[Exercise goal]:
What you return should be every line below, word for word, and none of the images.

[Recorded information]:
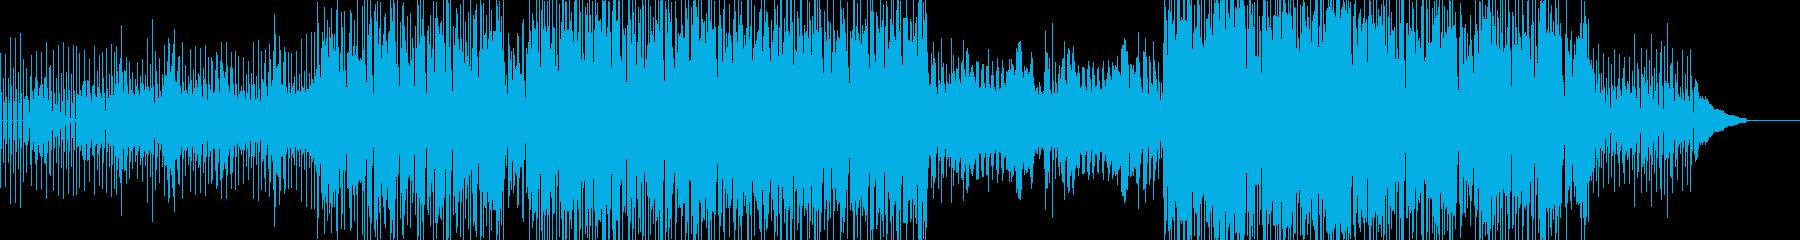 シンセとピアノによる神妙な雰囲気のテクノの再生済みの波形
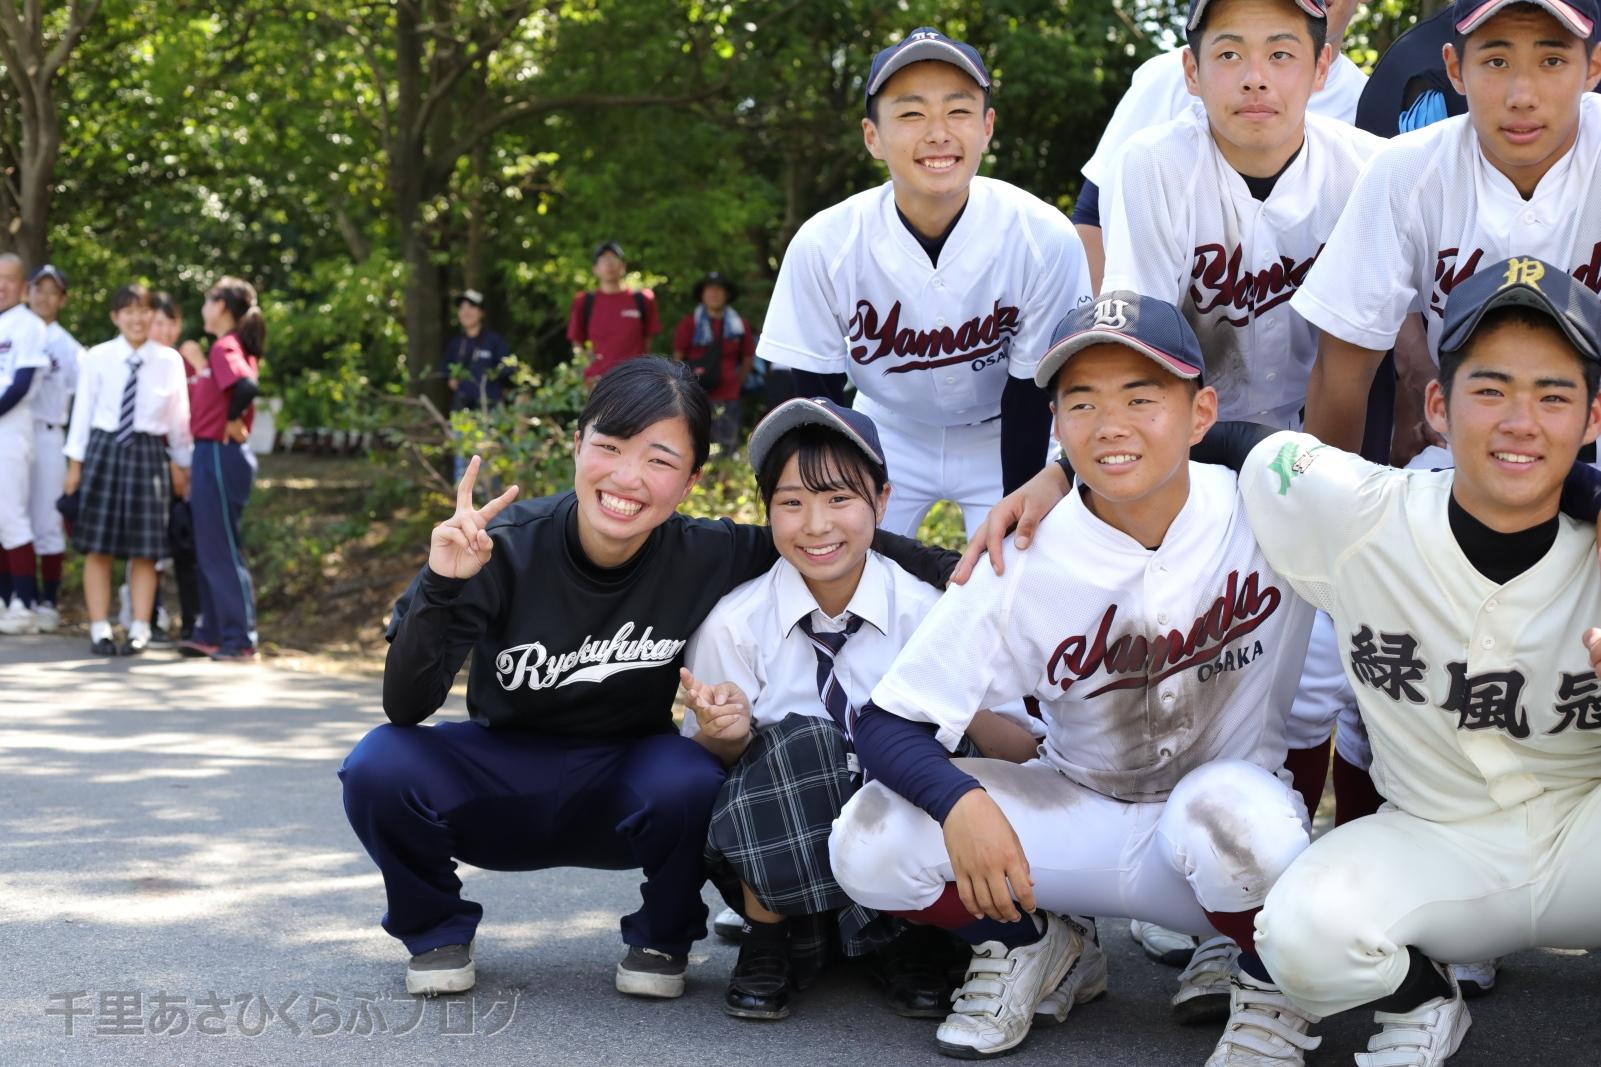 山田 高校 野球 部
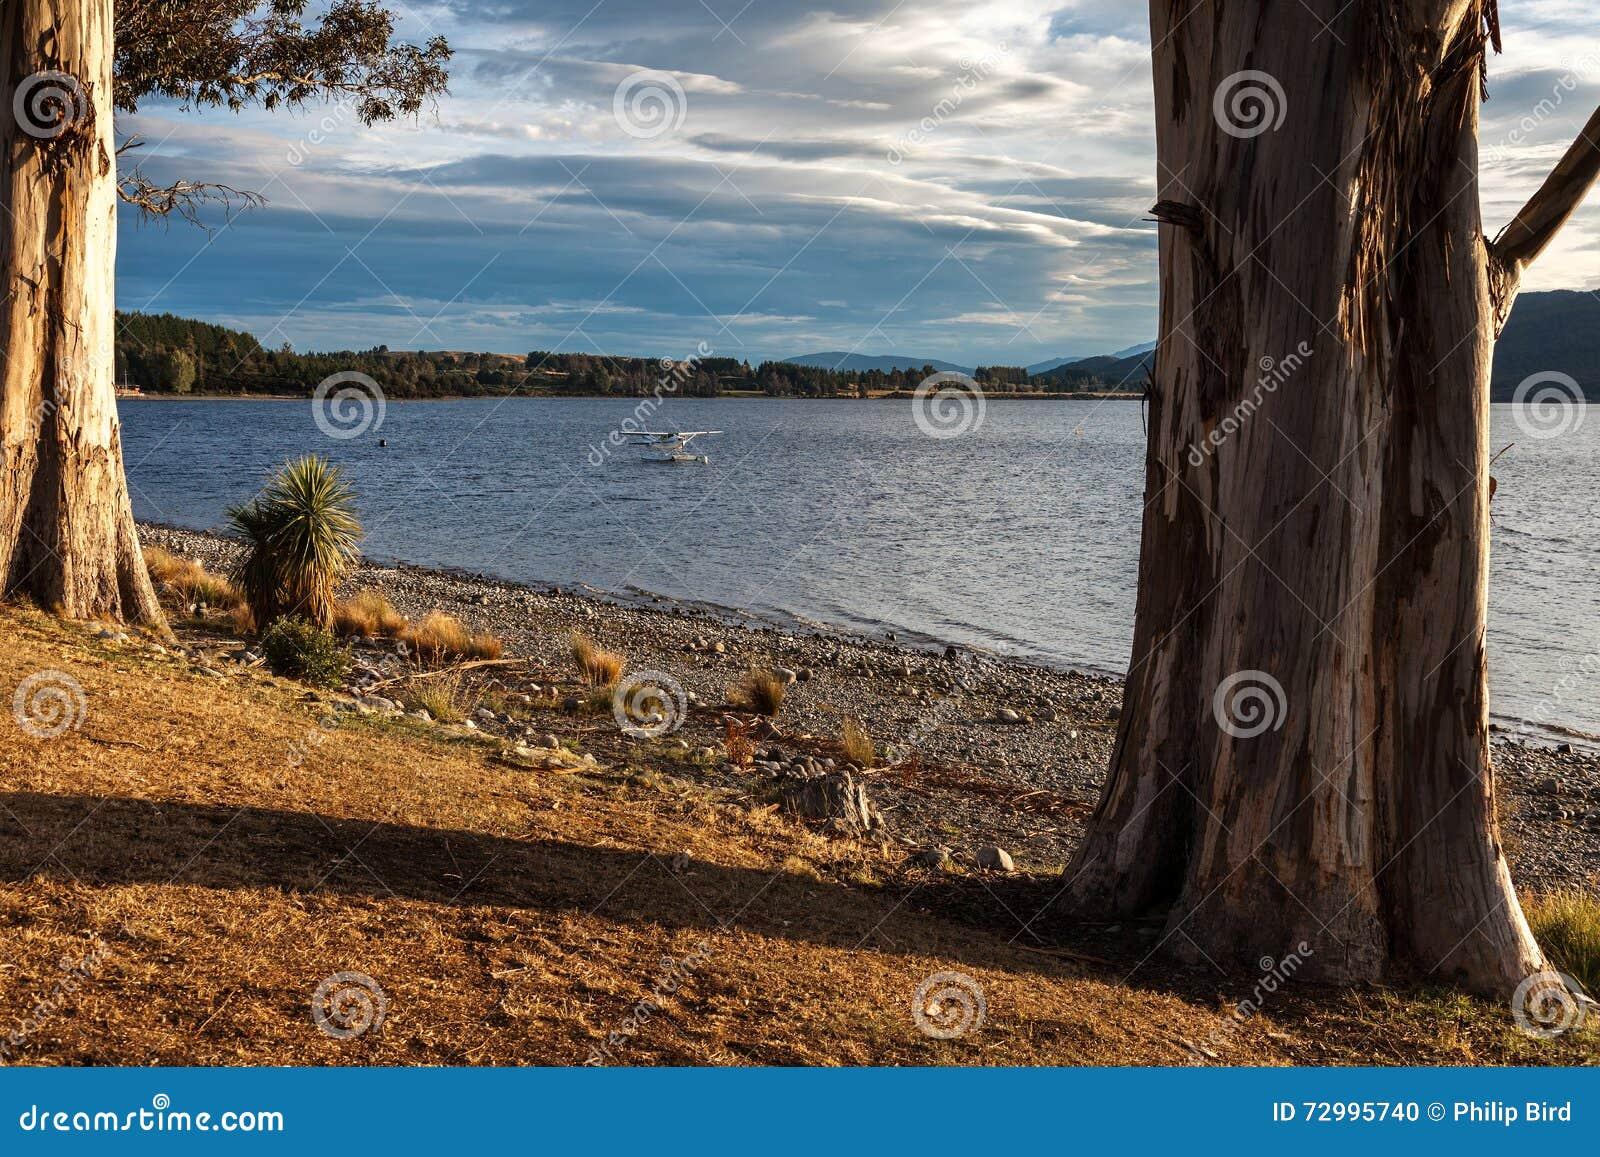 TE ANAU, FIORDLAND/NUEVA ZELANDA - 17 DE FEBRERO: El hidroavión amarró a

[Exercise output]:
 シンセとピアノによる神妙な雰囲気のテクノの再生済みの波形
 山田 高校 野球 部
 TE ANAU, FIORDLAND/NUEVA ZELANDA - 17 DE FEBRERO: El hidroavión amarró a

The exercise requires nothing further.